▶ **ACTIVITY**
Using the listing below, copy exactly the lines from the one containing "Map of Guaianases São Paulo - Roads" to the one containing "Screenshot №19 from game Baldur's Gate 3", both lines included, and no others.

▶ **PROVIDED DATA**
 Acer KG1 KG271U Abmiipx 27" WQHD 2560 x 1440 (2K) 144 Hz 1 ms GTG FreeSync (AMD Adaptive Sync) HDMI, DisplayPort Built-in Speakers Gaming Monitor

* * *

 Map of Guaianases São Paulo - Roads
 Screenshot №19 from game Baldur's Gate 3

▶ **COMPLETED EXERCISE**
 Map of Guaianases São Paulo - Roads
 Screenshot №19 from game Baldur's Gate 3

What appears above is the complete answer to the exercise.